_Raw data_:

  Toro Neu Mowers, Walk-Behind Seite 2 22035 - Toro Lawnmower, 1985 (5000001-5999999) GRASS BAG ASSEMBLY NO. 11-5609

--

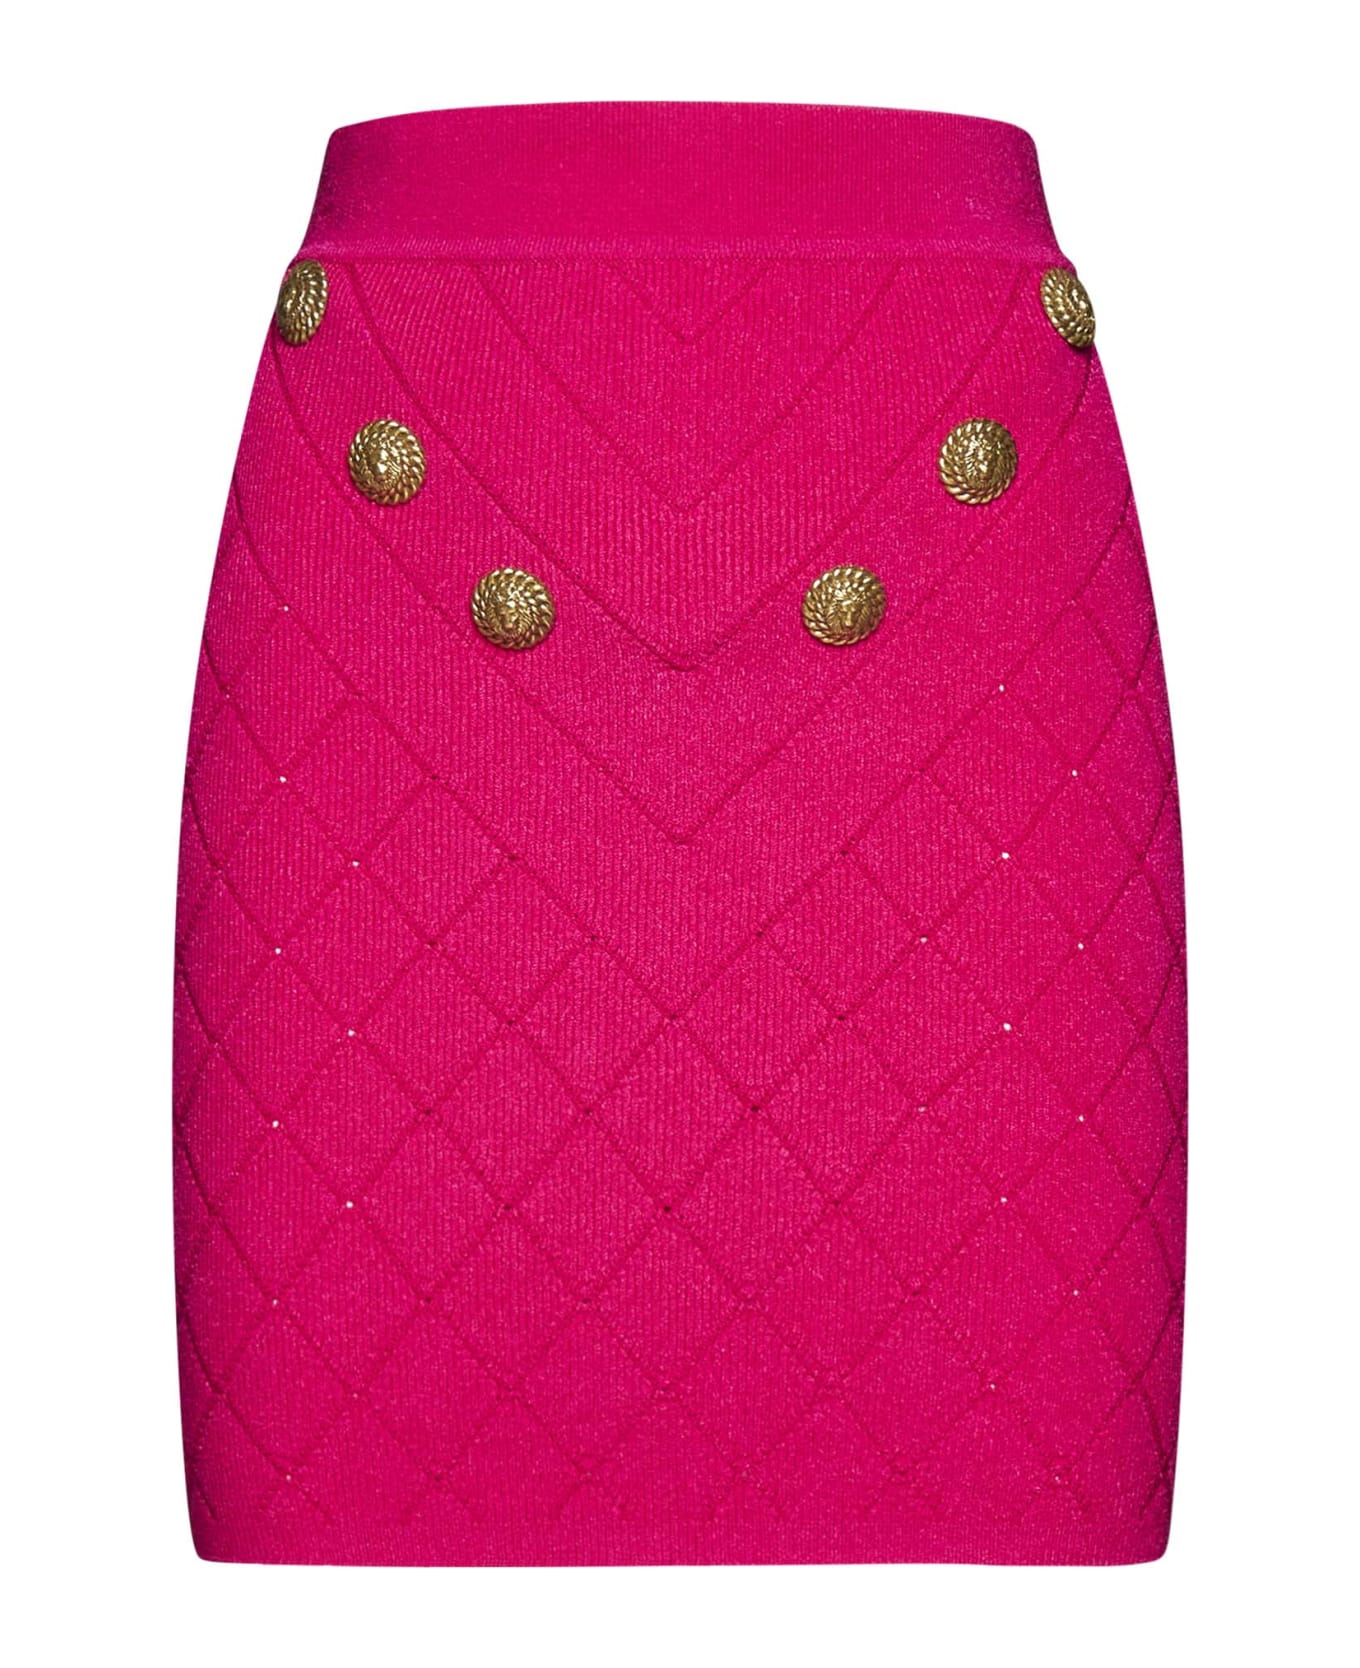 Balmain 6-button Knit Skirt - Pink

--

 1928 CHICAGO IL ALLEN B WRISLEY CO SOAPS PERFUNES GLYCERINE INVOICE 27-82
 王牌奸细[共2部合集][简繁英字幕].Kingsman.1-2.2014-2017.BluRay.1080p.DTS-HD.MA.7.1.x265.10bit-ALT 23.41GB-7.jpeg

_The task_:
Your answer should consist only of the lines above between the line holding "1928 CHICAGO IL" and the line holding "王牌奸细[共2部合集][简繁", inclusive, each transcribed exactly.

_Response to the task_:
 1928 CHICAGO IL ALLEN B WRISLEY CO SOAPS PERFUNES GLYCERINE INVOICE 27-82
 王牌奸细[共2部合集][简繁英字幕].Kingsman.1-2.2014-2017.BluRay.1080p.DTS-HD.MA.7.1.x265.10bit-ALT 23.41GB-7.jpeg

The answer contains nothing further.